Lifehacker 101 is a weekly feature covering fundamental techniques that Lifehacker constantly refers to, explaining them step-by-step. Hey, we were all newbies once, right?


  • I was going to comment about the whole kilobits vs kilobytes vs kibibits vs kibibytes topic, but I’m sure that there will be other readers who can do it a lot more proficiently than I can.

    I will condense the important part of it down though:

    While it is *technically* correct that there is 1000 bits to a (metric) kilobit, we incorrectly use the “kilo”, “mega”, “giga” & etc prefix in Australia to refer to a 1024 base system.

    Also worth noting that ISP’s will always advertise their connection speed in BITS (b) not BYTES (B). Download managers and other various software on the other hand will report their download speeds in bytes. As most of us know, there are 8 bites to the byte. So worth remembering that an ADSL2+ connection that syncs up at 16Mb/s (megabits per second) will only yield a theoretical maximum download speed of 2MB/s (megabytes per second).

    Gus – suggestion for a future article might be one that puts all these differences into layman’s terms for those interested who aren’t familiar in the differences.

    • I nearly left that part of the question out, because it’s a large and complex issue and not directly related to the rest of the questions! But I will revisit the bits/bytes theme in a future 101.

      • Unfortunately, it’s a complicated answer brought about by a simple question – raised due to various parts of the IT&T industry deciding they want to advertise their products using different measurements.

        I’ve long fielded questions from friends and family since back in the old days of dial up, as to why they only downloaded at “4-5 kilobytes per second on a 56k modem?”.

        Similarly with HDD manufacterer’s advertising their products’ capacity in metric bytes; I’ve had plenty of questions along the lines of “Why is my HDD size only 460GB in Windows when the box said it has 500GB”.

  • I do agree with this article….however….
    The speeds the user is experiencing is actually an error on Optus’s part!
    Optus is experiencing international congestion which started just over a month ago.
    Read this the Whirlpool thread over here:

    Basically it means local sites are fine however international sites and downloads may be much slower than usual.
    I connected to Optus cable late last year. At first speeds were fantastic however the past month they have been quite dismal.
    So yes there is something wrong with your internet connection, just something you can’t fix yet.
    Your upload speeds are correct as this article states however
    Frustrated, you are not alone…

  • Bottom line on Cable internet is it is based on 10base2 tech.

    HFC uses a Carrier-Sense Multiple Access/Collision Detection (CSMA/CD) protocol. The more connections on the current run the less access to the network you get because of collisions.

  • As an optus cable user i feel your pain.

    Your right there is something wrong, this article explains the situation accurately but the bigger picture is in Caspez’s link.

    Over the past month i have noticed a dramatic drop in my optus cable speeds and extremely variable ones at that. Some mornings its fine, others im back to near dial up speeds.

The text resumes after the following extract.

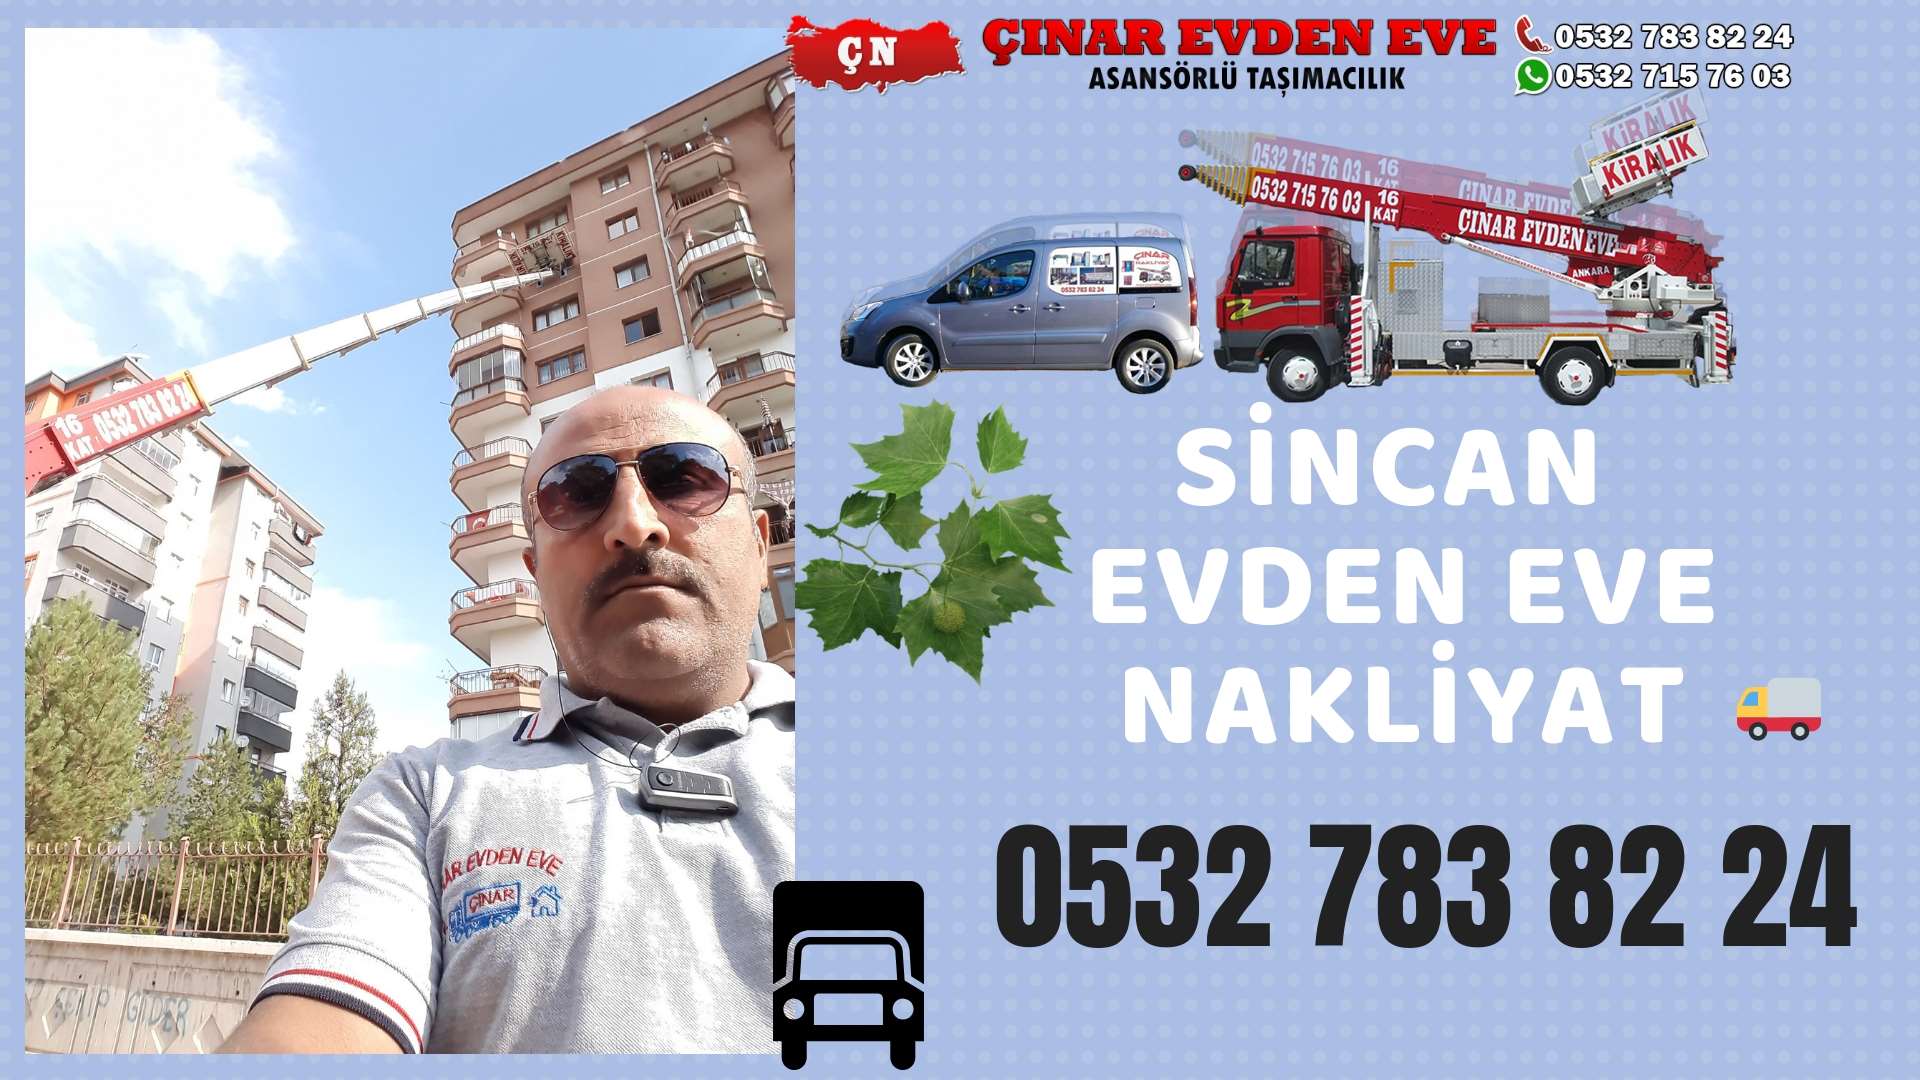 Ankara Akyurt Evden Eve Nakliyat, Asansörlü Taşımacılık, Ofis / İş Yeri Taşıma 0532 715 76 03
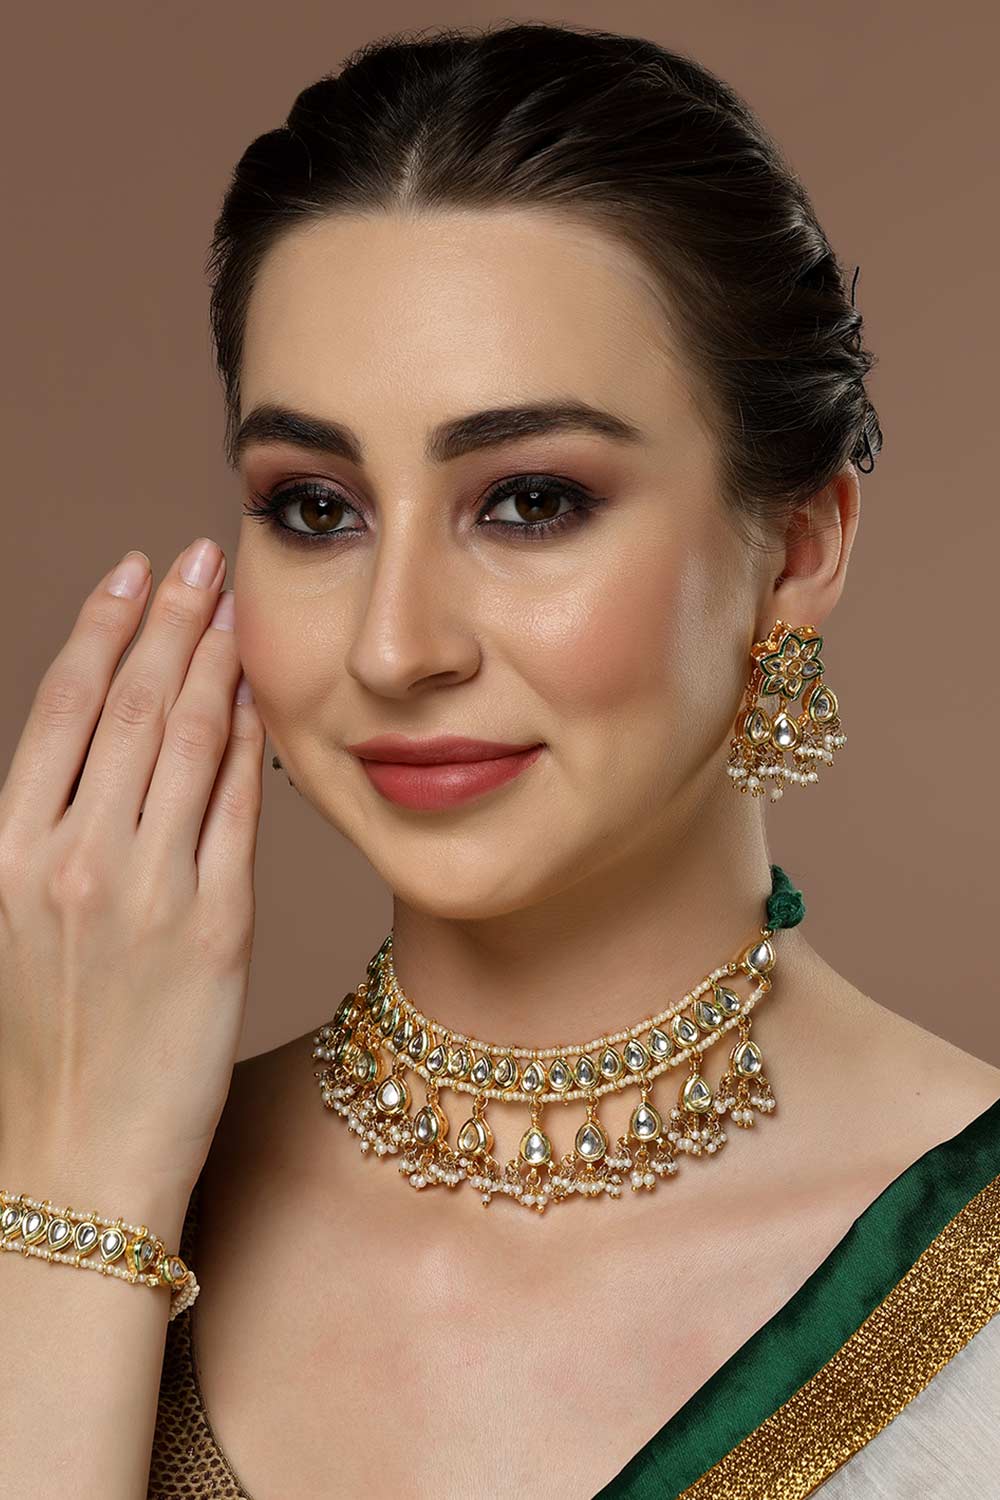 Fathma Green & Gold Flower Kundan with Pearls Drop Earrings

    This is not normal cable behavior.

  • Its is true that the HFC cable into your home has shared bandwidth and your connection is capped at 8, 30 or 100 mbit.

    It is true that the ADSL cable into your home is a dedicated line from the exchange.

    BUT going upstream after the exchange its all shared bandwidth. An analogy is the road system and your driveway at home. If you live in a block of units you share your driveway. If you live in a house you have a private driveway. But there is more to your journey time than the performance of your driveway.

    The effect of contention on HFC is exaggerated as it only comes into play when the cable segment is operating near saturation. Whether your cable segment can even reach saturation capacity will also depend on if all the upstream network can supply data to it at that rate. The algorithms for managing contention and QOS are very efficient. There are many bottle necks all over the internet, you connection is only one of them.

    The bottom line, the internet is all shared bandwidth, as the road system is shared lanes and roads.